- Born: November 1978 (age 47) Baton Rouge, Louisiana, U.S.
- Education: Washington University in St. Louis (BA)
- Occupations: Author, writer
- Spouse: Elise White
- Children: 2
- Writing career
- Notable work: City on Fire (2015)

= Garth Risk Hallberg =

American writer

Garth Risk Hallberg (born November 1978) is an American author. His debut novel, City on Fire, was published by Knopf in 2015.

== Early life and education ==
Hallberg was born outside Baton Rouge, Louisiana and grew up in Greenville, North Carolina. Both of Hallberg's parents were teachers; his father was also a writer. They divorced when Hallberg was 13.
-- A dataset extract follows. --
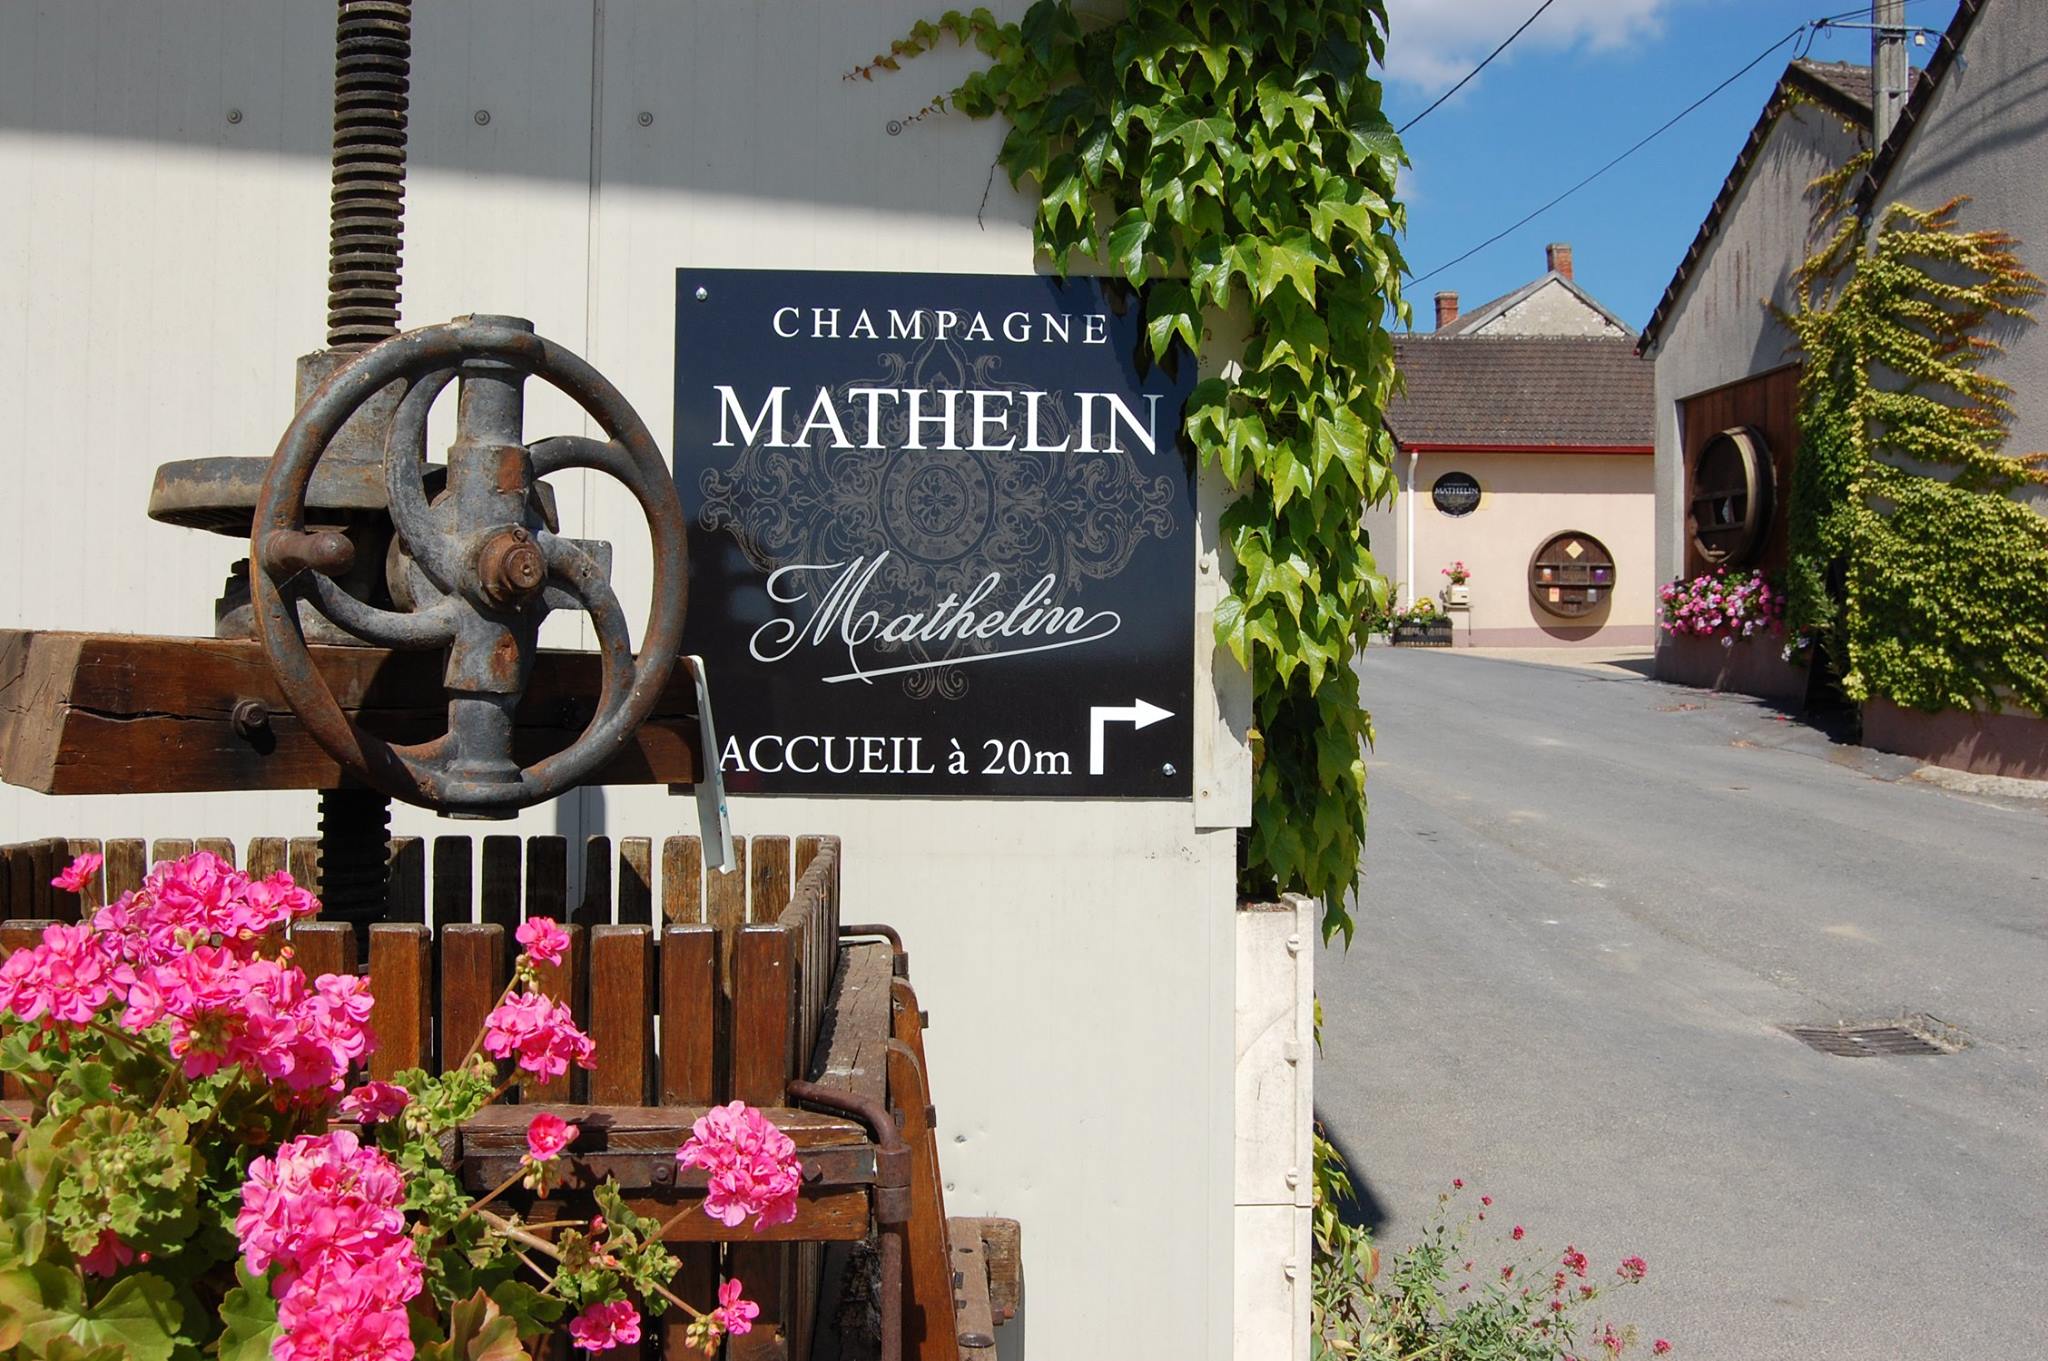 Aire de stationnement et service / Champagne Mathelin

In 2001, he received a degree in English from Washington University in St. Louis, where he met his future wife, Elise White.

== Writing career ==
His debut novella, A Field Guide to the North American Family, was published in 2007. He published his first novel, City on Fire, in 2015. A second novel, The Second Coming, was published in 2024. His work has also been published in The Millions.

Hallberg credits David Foster Wallace's novel Infinite Jest with allowing him to face issues that had led him to substance abuse as a young man.

== Personal life ==
Hallberg resides in New York City.

==Bibliography==
Novella
- A Field Guide to the North American Family (2007)

Novels
- City on Fire (2015)
- The Second Coming (2024)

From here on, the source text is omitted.